The following are requirements for the PCI H.100 EXNET Connect:

The EXNET (ring) interface is similar for both the EXNET Connect product and the CSP. See the Hardware Installation and Maintenance Guide information for details on CSP system setup.

EXNET Connect appears as a normal CSP node on the ring. You can test it as an CSP node with the following exceptions:

• The EXNET Connect will not attempt to become the ring master; therefore, the system must have at least one other CSP 2040 or CSP 2090 on the ring to act as the ring master.

• The EXNET Connect always behaves like an CSP node with a single EXNET-ONE card installed (for example, ring redundancy is not supported).

You assign a card slot number between 0 and 31 (0x00 and 0x1F) to EXNET Connect using DIP Switch S4. The host for subsequent slot-related messages will use this slot number to set, for example, span assignments and the H.100 master clock.

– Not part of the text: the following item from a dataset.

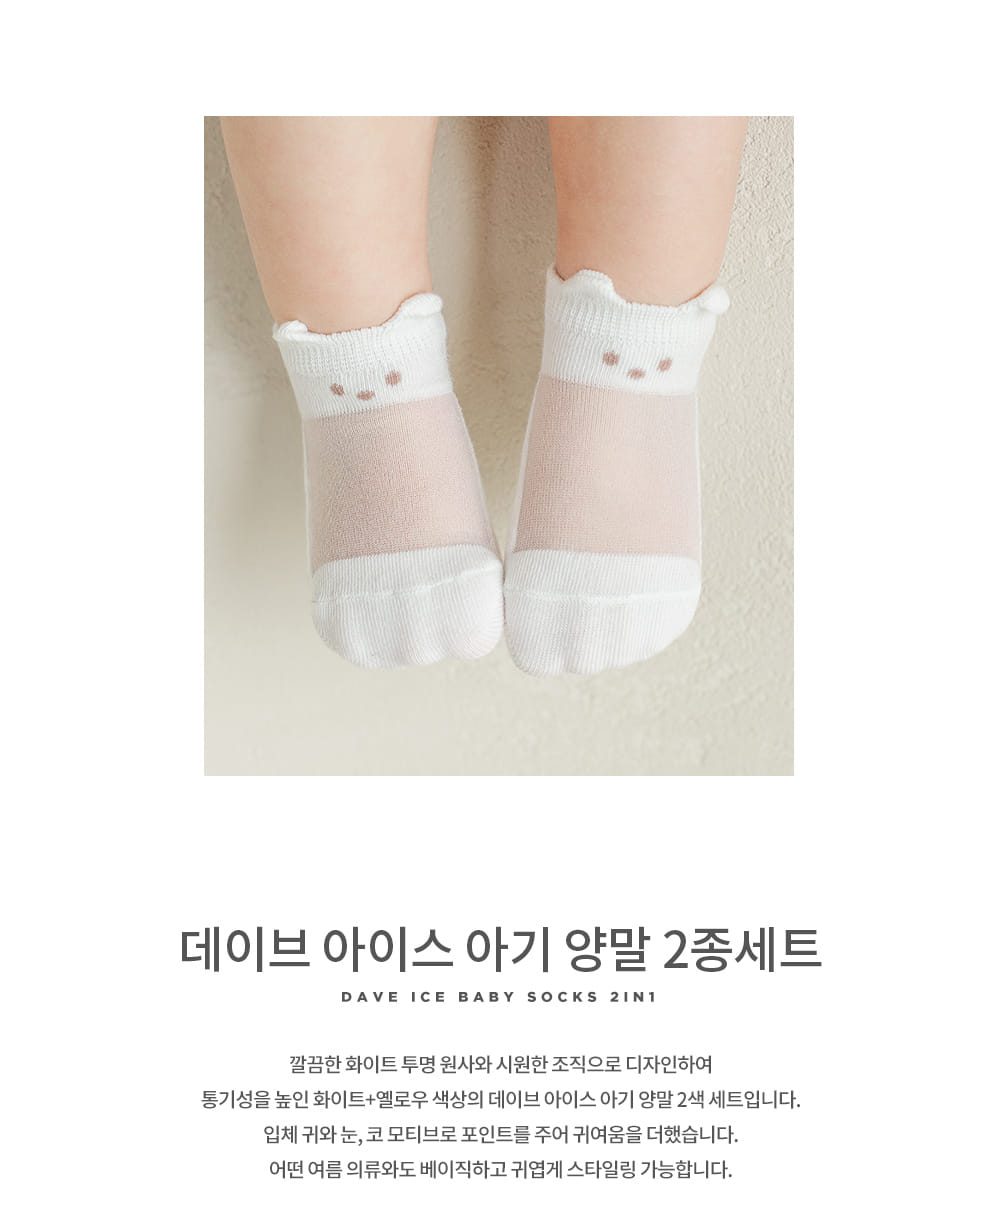 Kids Clara - Korean Baby Fashion - #babyclothing - Dave Ice Baby Socks 2 Color Set (5ea 1 set) - 2

The host can assign a maximum of 16 E1 or 21 T1 logical spans on the PCI H.100 card operating in the SCSA Compatibility Mode. However, it supports a maximum of 64 E1 or 80 T1 logical spans in the full H.100 mode.

The EXNET Connect’s Layer 3 is PPL-driven. The default PPL Protocol included in the system software is Clear Channel protocol, PPL component ID 75 (0x4B).

EXNET Connect can support multiple protocols. It allows the host application to download up to 10 protocols. If you attempt to download more than 10 protocols, EXNET Connect may send the following responses:

– 0xD3 - Invalid Protocol ID
(If the protocol ID is greater than 10)

– 0xA7 - PPL Table Already Exists
(If the protocol table ID is 1–10 but has already been downloaded)

The EXNET Connect uses the EXS Node Configure message (0x7F) with new entities defined to configure PCI H.100 mastership.

All configuration is maintained on a push button reset of the EXNET Connect card. This includes card-specific information (assigned spans, channels per span, H.100 bus, download software revisions, downloaded PPL Protocols, and so on) and ring-specific information (logical ring ID, ring service state, logical node ID, and so on).

When the host assigns spans on the PCI H.100 card, the span assignments are broadcast to all other nodes on the ring. Broadcasting the assignments guarantees unique span assignments among the nodes on the ring.